I was involved with my first GIS migration project in 1987. The client, a large electric utility, had a business requirement to merge three different organizations that were all using different geospatial systems. One system was home-grown, the other was from a vendor that was exiting the geospatial market and the third product was as an established player in the market. For the next 15 to 20 years I was involved, in one way or the other with various GIS consolidation projects. The objectives were always similar:

  • Create a common enterprise database to serve the long-term needs of the organization
  • Implement processes and applications around data creation and maintenance to allow the system to be kept up-to-date via normal business processes
  • Get the organization on one common platform to reduce the number of systems that need to be maintained, thus reducing overall cost of ownership

As time has marched on, a new phenomenon has emerged. These organizations that were so focused on having a common geospatial platform are now branching out and using multiple GIS and CAD products to create, maintain, manage and analyze their geospatial information. We can ask the question, “What went wrong?” “Why are all these different systems proliferating throughout the organization?” Actually, there are a lot of things that are “going right”. Geospatial technologies, as they continue to become mainstream applications, are getting incorporated into more and more business processes within organizations. The figure below shows several different consumers of spatial information at a typical utility.

Today organizations are buying specialty, packaged applications to address specific business needs. Advanced CAD-based design tools are providing more advanced editing and engineering environments for design professionals. And the different user communities have vastly different requirements in terms of usability and application functionality.

What are the technology shifts that are driving these changes?

  1. While systems are much more advanced, they are not as complex, or expensive to maintain as they used to be. When I started in the industry a standard workstation was over $100,000 USD. Now powerful GIS applications can run on your phone and they certainly don’t take a dedicated professional to maintain.
  2. Computer performance has not only reduced system costs, but it has changed the paradigm for accessing spatial information. It is now possible to dynamically translate large amounts of spatial data within an interactive application. These operations used to take days (sometimes weeks) to process, using systems of high-powered mainframe computers.
  3. New tools and integration standards are facilitating more open, interoperable systems.
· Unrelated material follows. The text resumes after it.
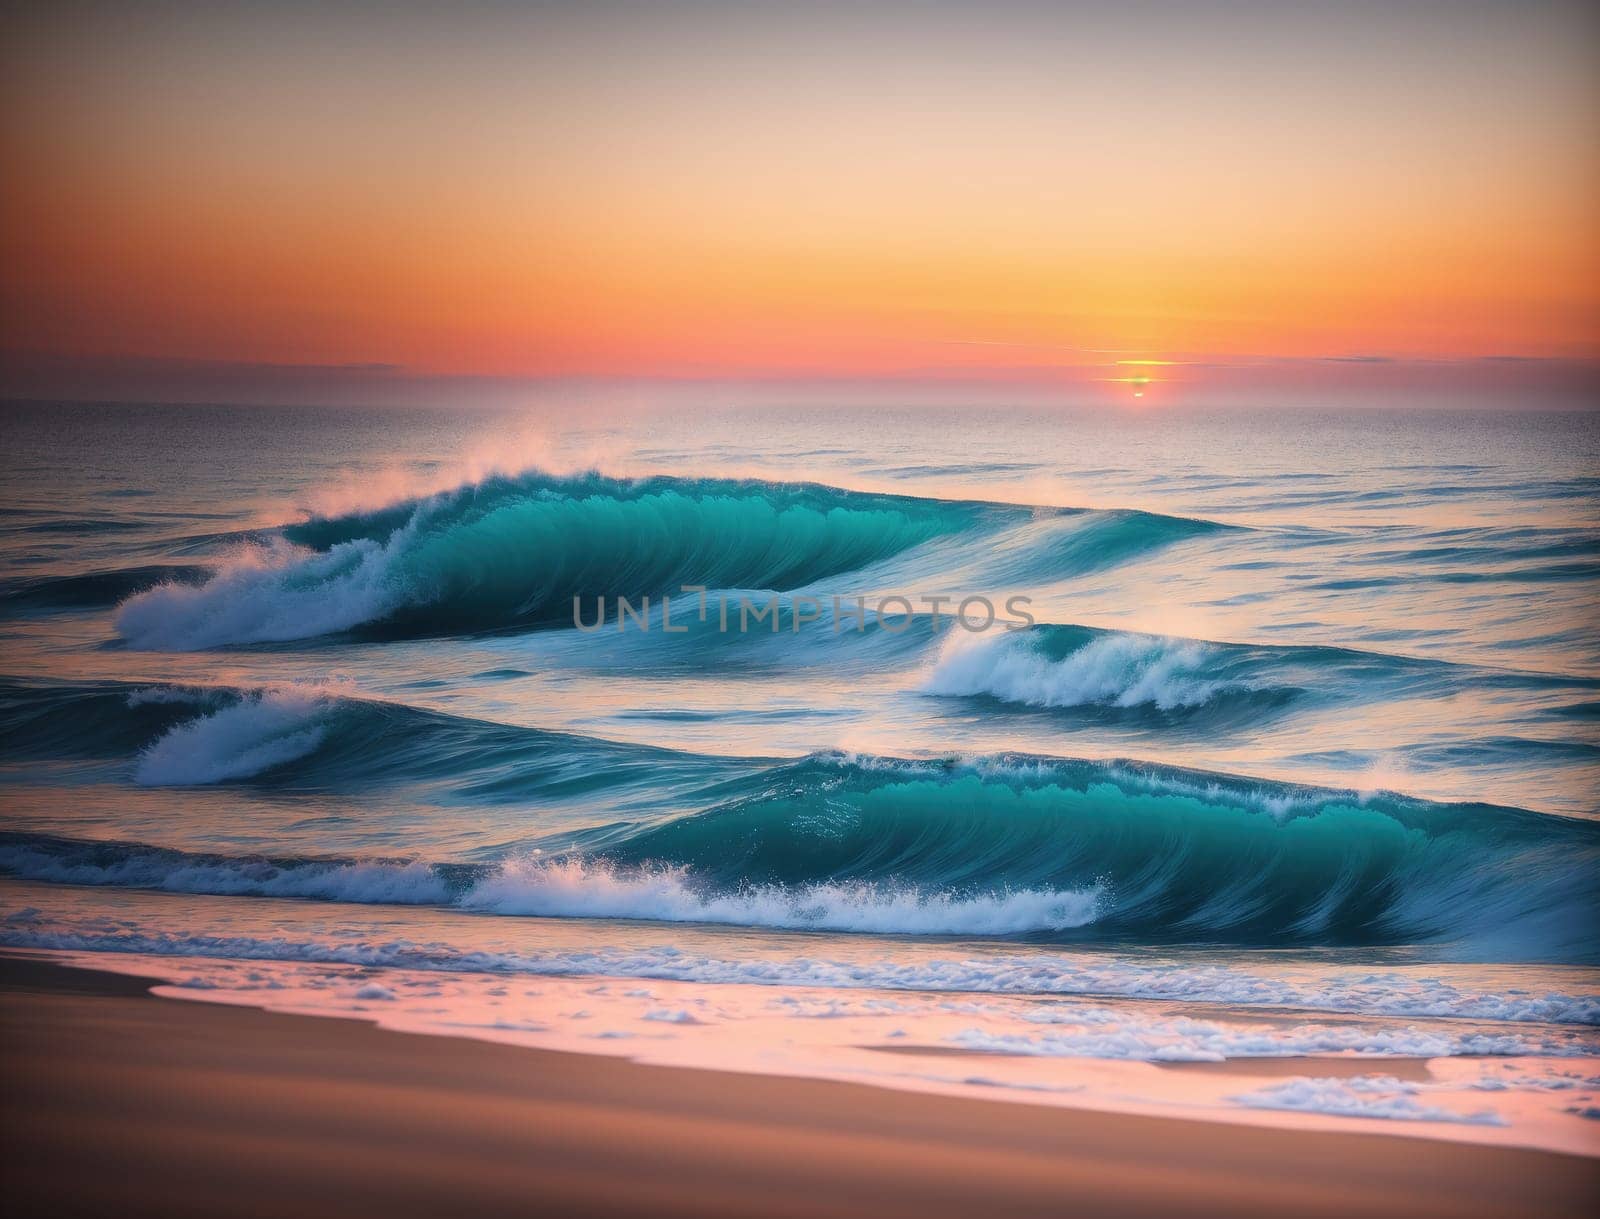 Sunrise on the Beach by creart
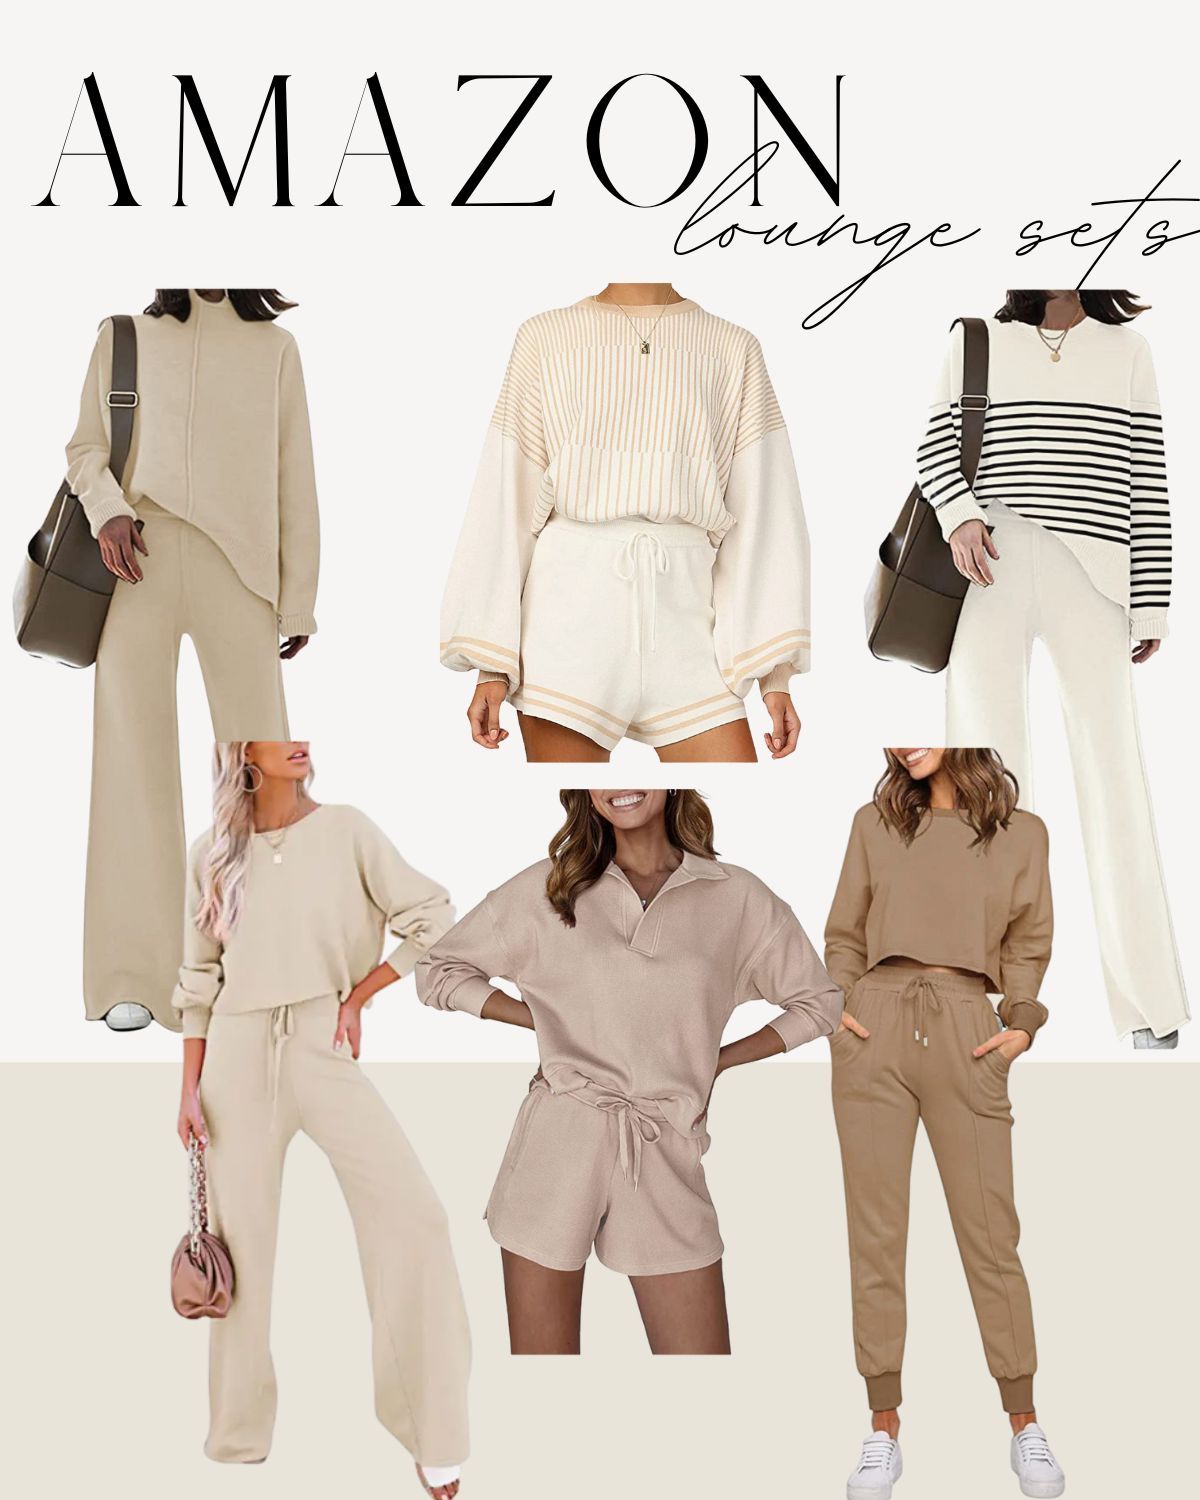 Styled By Nina's Amazon Page | Amazon (US)

While there is great opportunity with these new systems, there is also a risk that the enterprise data management for these large, integrated systems can be compromised. This series of posts will describe how new architectures are evolving to support these multi-user, interoperable environments. A key component of these solutions is the use of spatially enabled ETL (Extract-Transform-Load) technologies that support advanced data sharing requirements for enterprise users.